**Supplied information:**

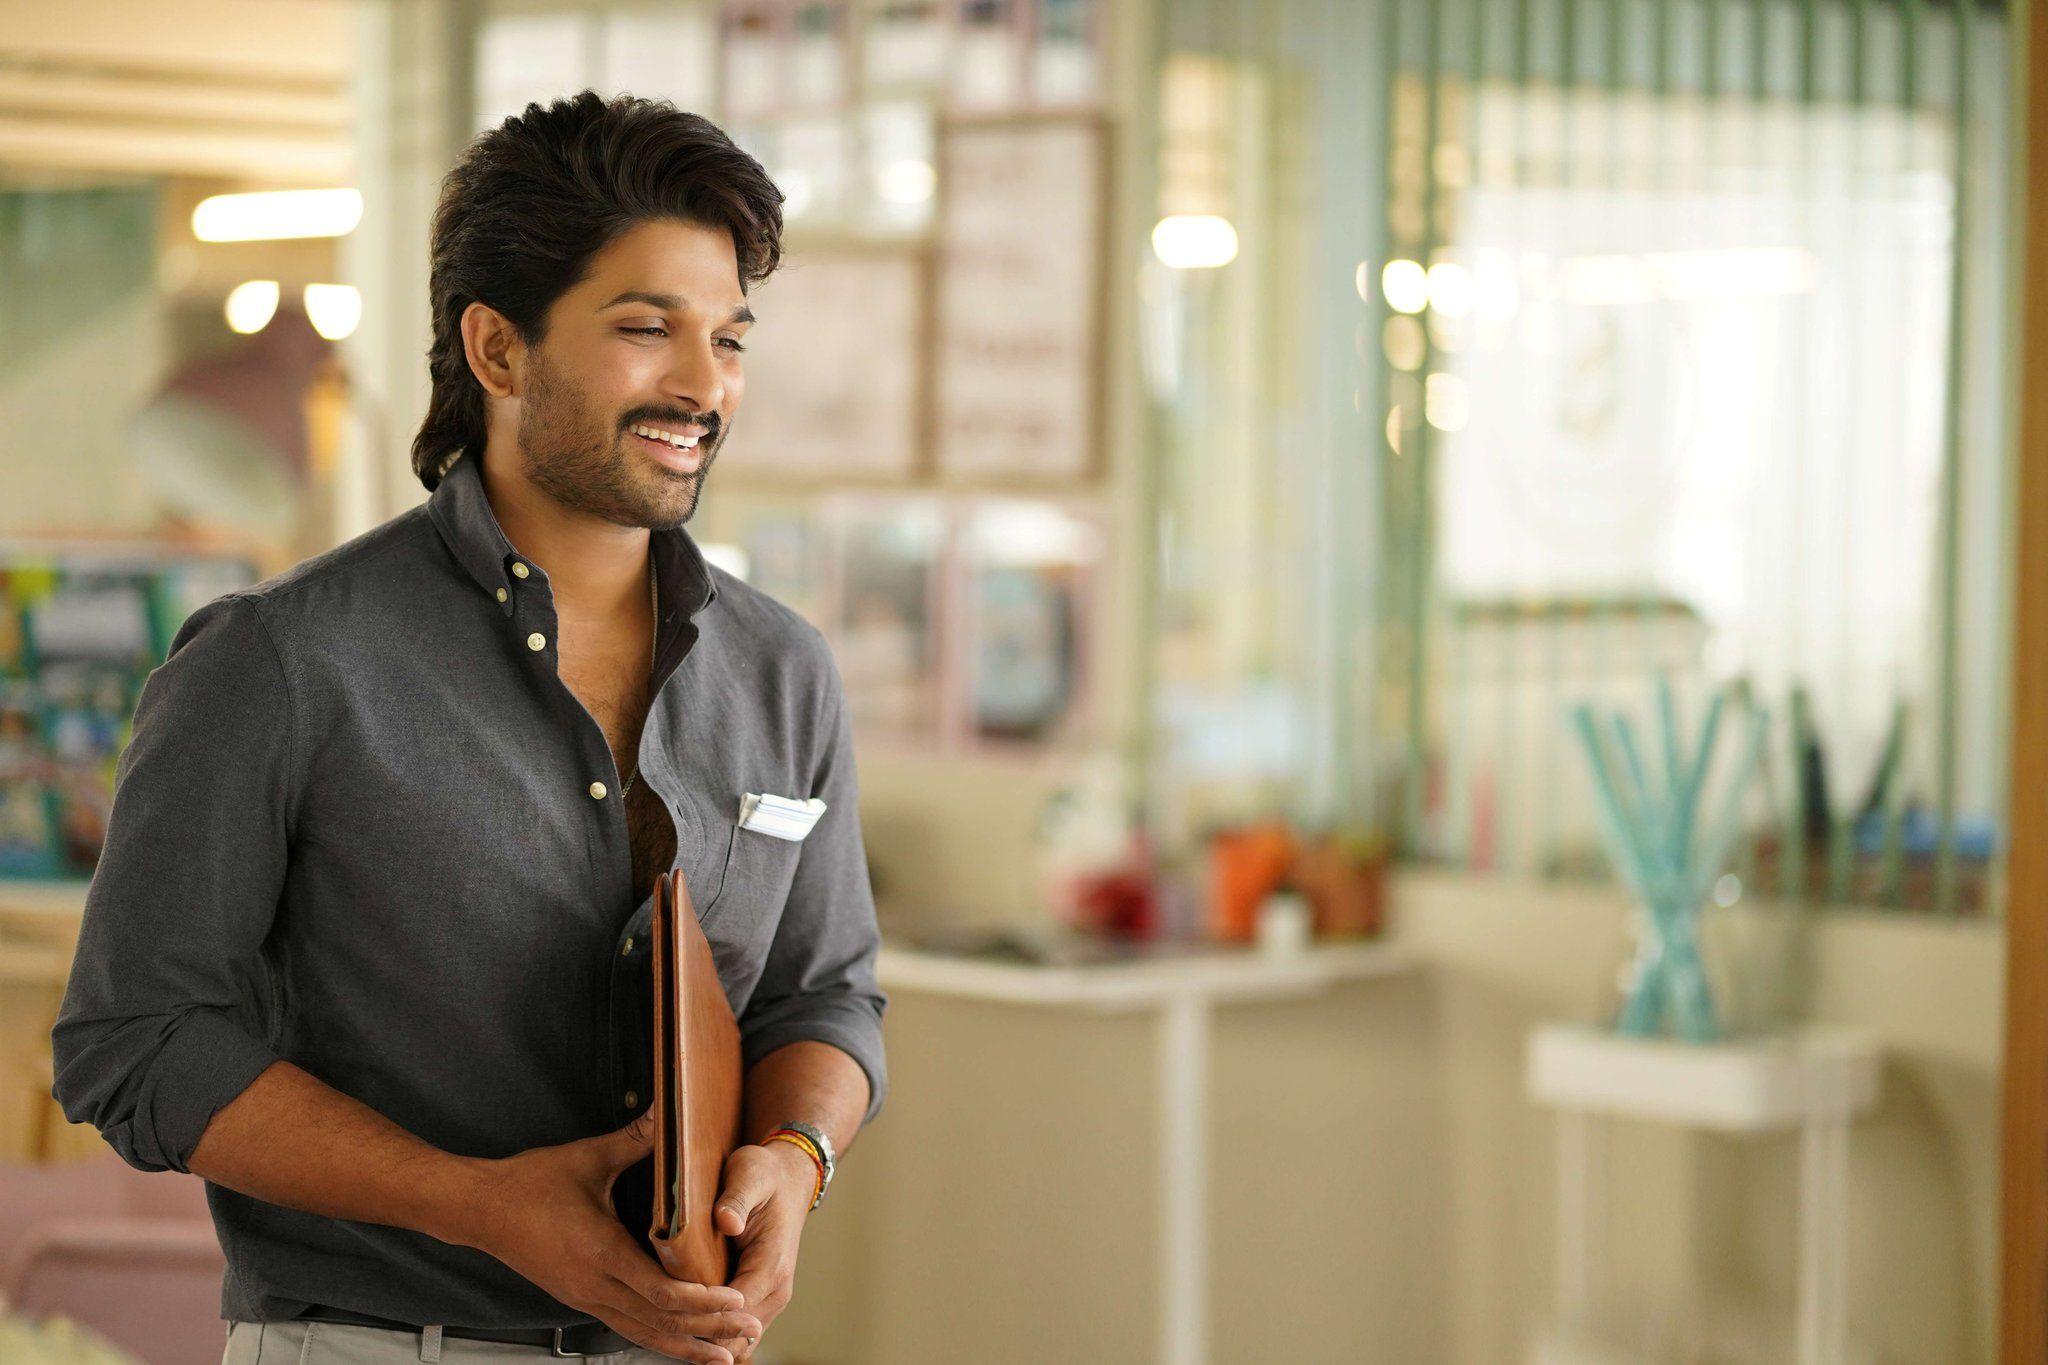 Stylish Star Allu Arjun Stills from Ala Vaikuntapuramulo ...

...

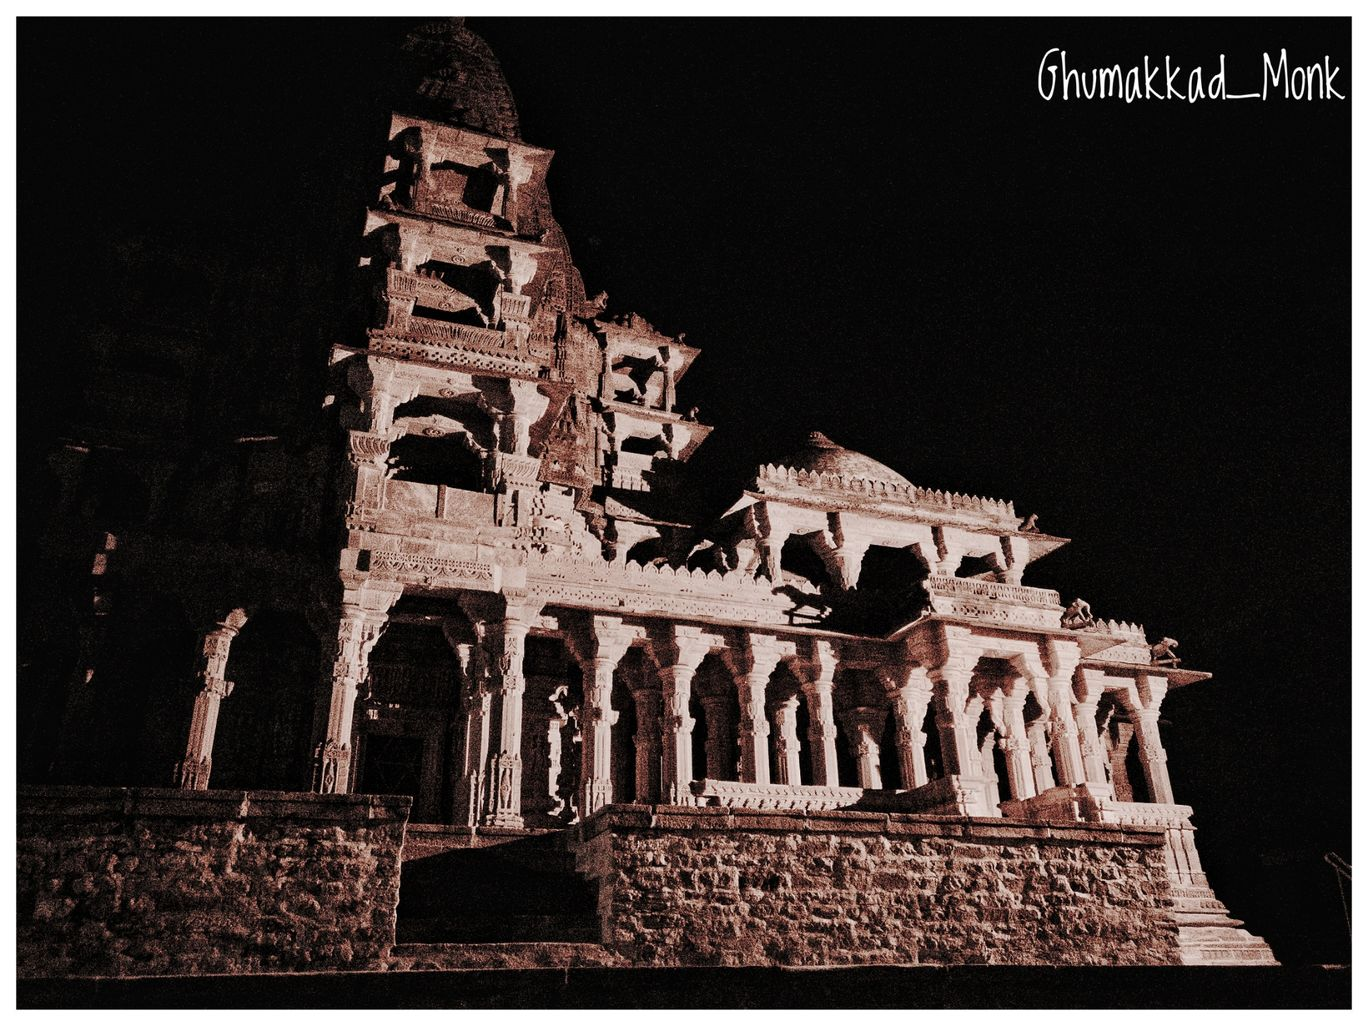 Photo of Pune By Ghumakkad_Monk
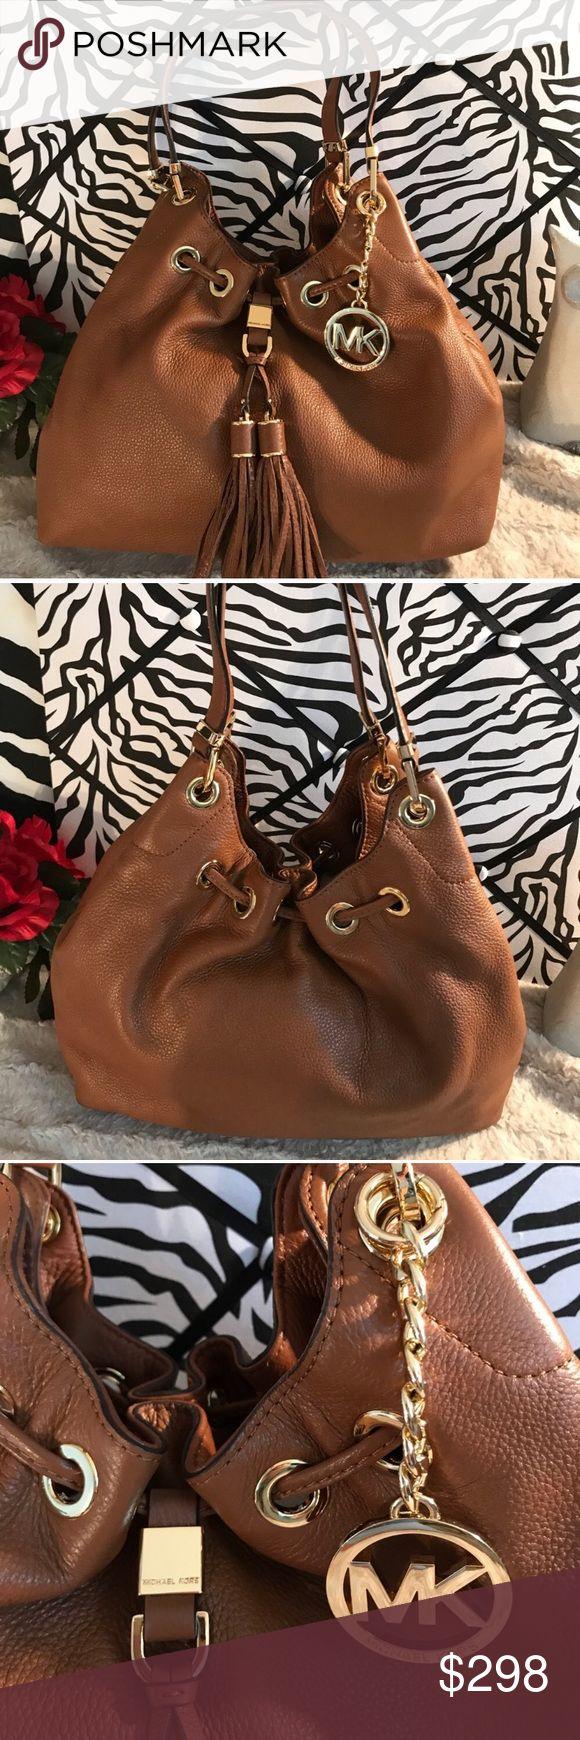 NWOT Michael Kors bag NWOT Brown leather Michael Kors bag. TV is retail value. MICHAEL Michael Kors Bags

**Task prompt:** Without the pictures, set down the lines above from the line with "Photo of Pune By Ghumakkad_Monk" up to and including the line with "NWOT Michael Kors" exactly as they stand.

**Output of the task:**
 Photo of Pune By Ghumakkad_Monk
 NWOT Michael Kors bag NWOT Brown leather Michael Kors bag. TV is retail value. MICHAEL Michael Kors Bags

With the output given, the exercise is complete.